Tweets integrate as you might expect — searching for a specific Twitter account, hashtag, or trending topic (e.g., “NASA Twitter,” “#MadMenFinale,” or “NBA Finals”) yields a scrollable carousel of relevant tweets at the top of search results. The tweets themselves are a little pared down from what you might see on Twitter, but still replete with pertinent media like photos, links, and post timestamps. As far as tweet discovery goes, it seems quite useful.

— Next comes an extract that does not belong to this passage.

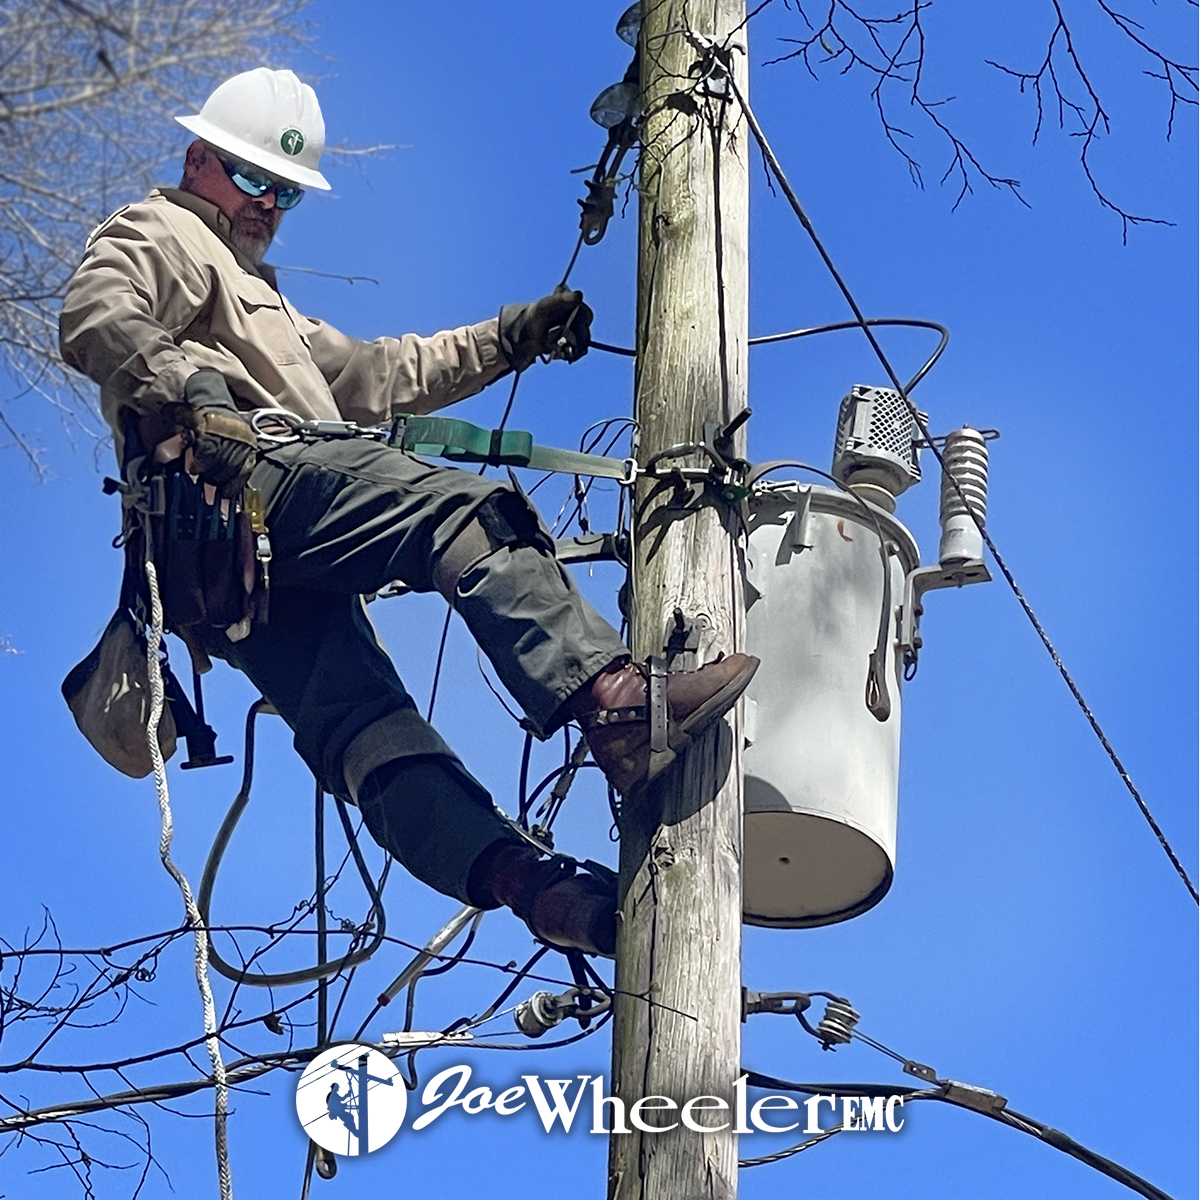 Today we celebrate the men who work through any conditions 24/7/365 to keep the lights on. Happy Lineworker Appreciation Day to all lineworkers everywhere!
#ThankALineworker #thankalineman #LineworkerAppreciationDay

The integration doesn’t come as a surprise, necessarily — Bloomberg reported back in February that Google and Twitter had agreed to a data-sharing deal that’d manifest “in the first half of this year” — but it’s nonetheless a significant reversal for Google. The Mountain View-based company launched the microblogging competitor Buzz in 2011, a service which it was quickly forced to shutter because of low usage numbers and controversy surrounding its opaque privacy controls. For years, Google has featured content from its own social network, Google+, prominently in its search results.
For Twitter, the partnership couldn’t come at a better time. According to Bloomberg, Google’s paying a “data-licensing” fee to access the social network’s firehose of real-time data, a line item which brought in $41 million in revenue last year. That likely won’t placate the investors who sent Twitter stock tumbling 20 percent over the company’s Q1 2015 earnings, but it could help to stem its widening losses as it searches for more profitable means of monetization.
If you can’t see the integration yet, don’t fret — Google says it’s working on bringing tweet integration “to more languages” soon.